London : Picador 2020 ; Nueva York : Grove Press , 2020
ISBN 978-1-5290-1928-5 ; 978-0-8021-4850-6
In the opening pages of the book we meet Shuggie Bain, a 16-year-old boy who’s living alone in an underheated rented room in the suburbs of Glasgow. He works at the supermarket to maintain himself and tries to finish secondary school. It’s clear he’s completely on his own. We can’t help but ask ourselves what lead him to this situation. How did he end up all alone?
We get the answer to these questions on the following pages. Stepping back in time, the author describes Shuggie’s childhood with a single alcoholic mother, the bullying he suffered because of being gay and lack of any perspectives and any external help.
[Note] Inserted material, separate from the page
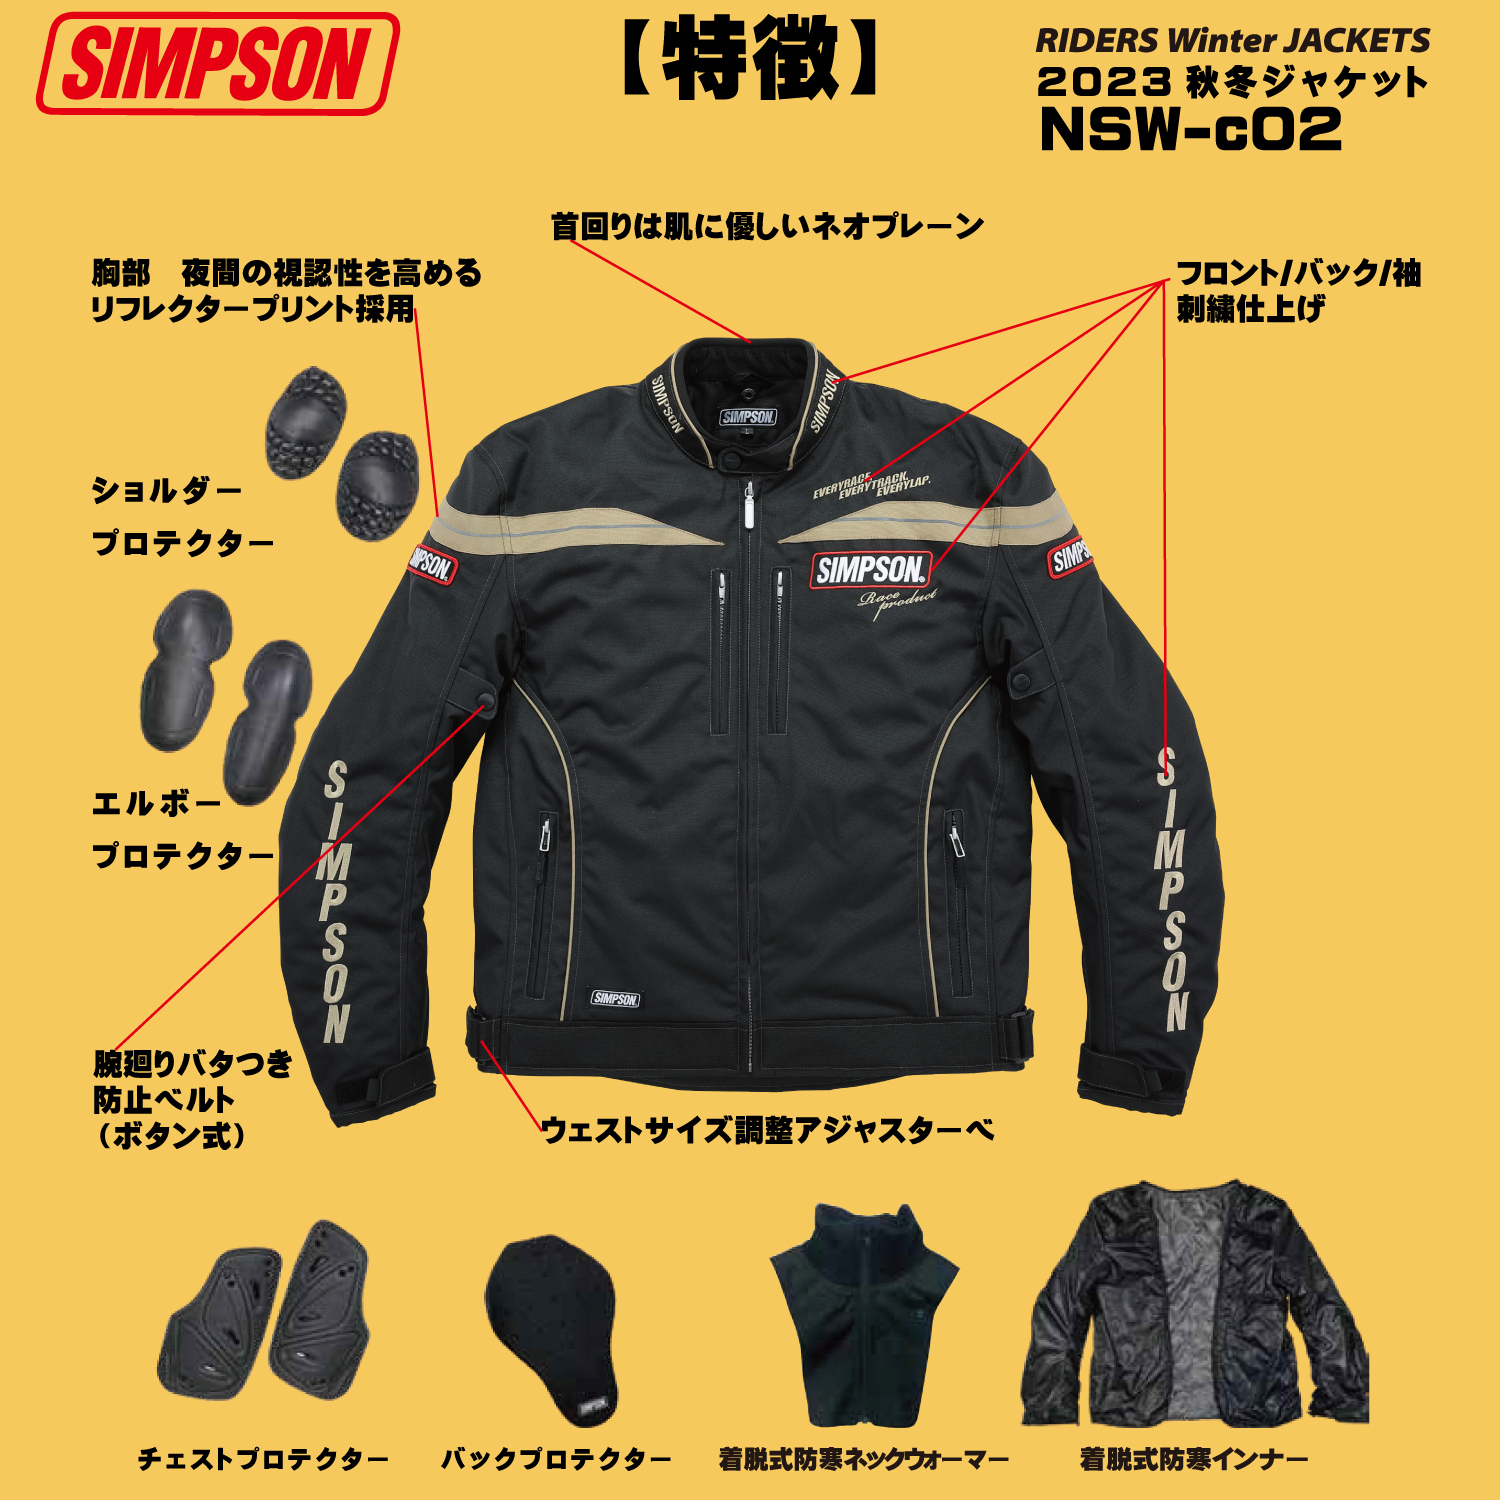 セール品 シンプソンジャケット 秋冬モデル NSW-c02 Simpson

The story is inspired by Stuart’s own experiences, but he’s very clear when he explains the book is all fiction.
It’s a tough story about broken dreams, broken futures and broken promises. The disillusionment of the working class is palpable throughout the pages. It’s a heartbreaking coming-of-age novel where the focus is more on the boy’s mother than on himself, but that is only logical since she’s all he thinks about all the time. Prematurely grown up, Shuggie takes on responsibilities that no child should be ever forced to face.
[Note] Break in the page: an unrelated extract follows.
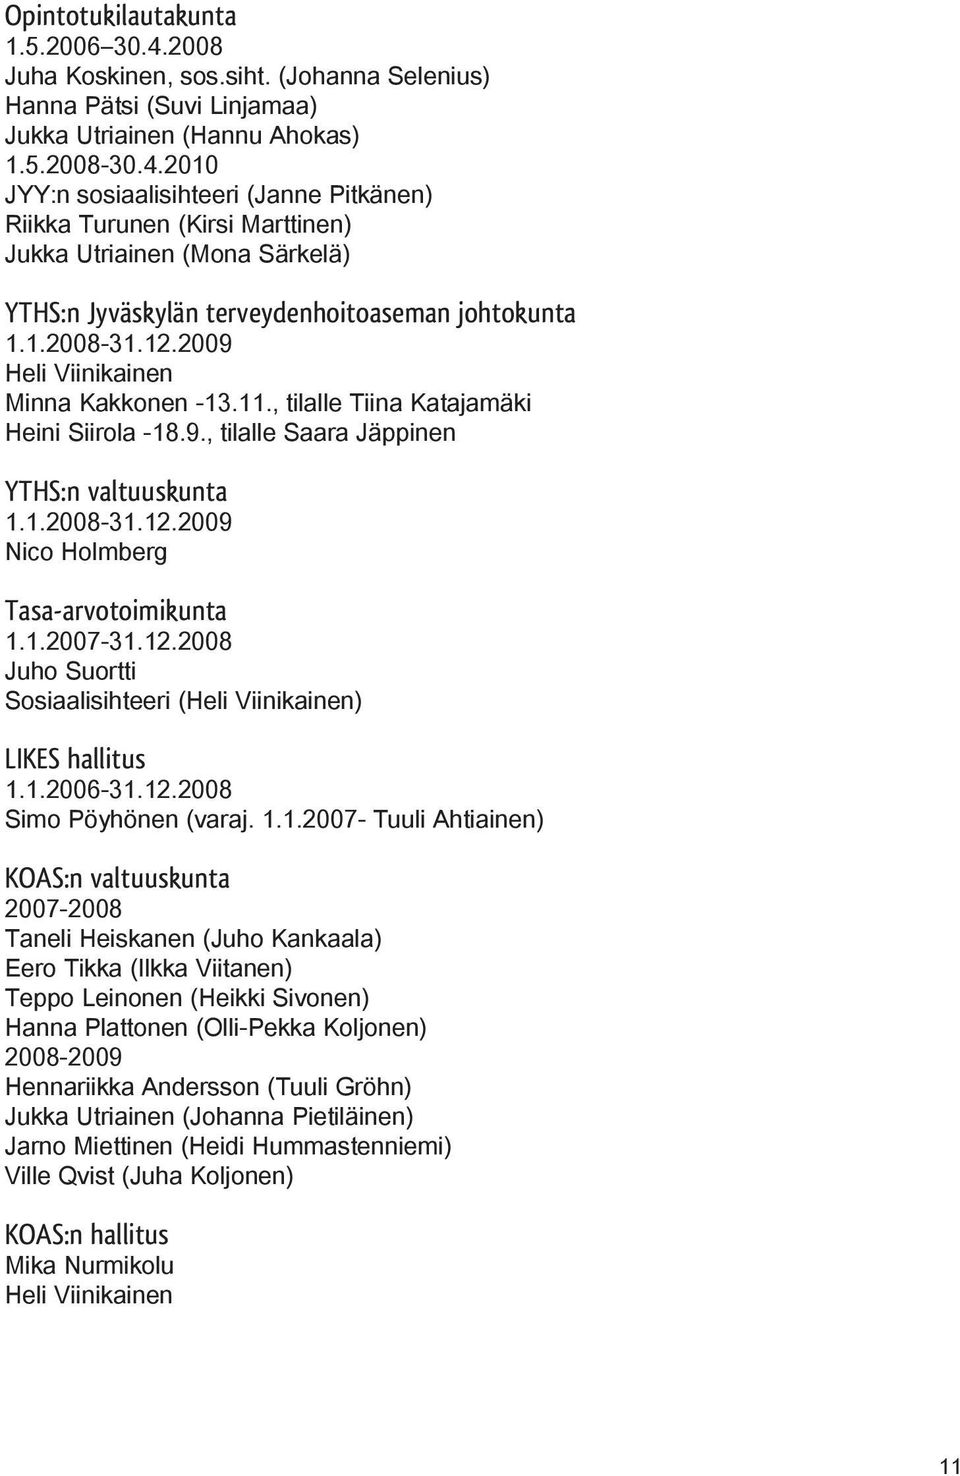 1.2007-31.12.2008 Juho Suortti Sosiaalisihteeri (Heli Viinikainen) LIKES hallitus 1.1.2006-31.12.2008 Simo Pöyhönen (varaj. 1.1.2007- Tuuli Ahtiainen) KOAS:n valtuuskunta 2007-2008 Taneli Heiskanen

Below you have some questions that we are considering at our Donostia Book Club meeting on May, 7th:
- The author uses Scottish dialect throughout the novel. What does this add to the narrative, and how did you find reading it if you weren’t familiar with some of the words? - What is it about Shuggie that so many characters consider "not right"? - What role does alcoholism play in Shuggie Bain? - What is the significance of poverty in Shuggie Bain? - What, if any, hope is there for Agnes to quit drinking? - Agnes is obsessed with keeping up appearances, even when her handbag is full of cans of Special Brew. How did this facade of respectability work to alienate her from her friends and neighbours? - SPOILER: Shuggie has two older siblings who eventually escape their dysfunctional mother - how do you feel about them leaving Shuggie behind? Was it their responsibility to protect him or were they right to try to save themselves? - SPOILER: Why does Shuggie let Agnes die?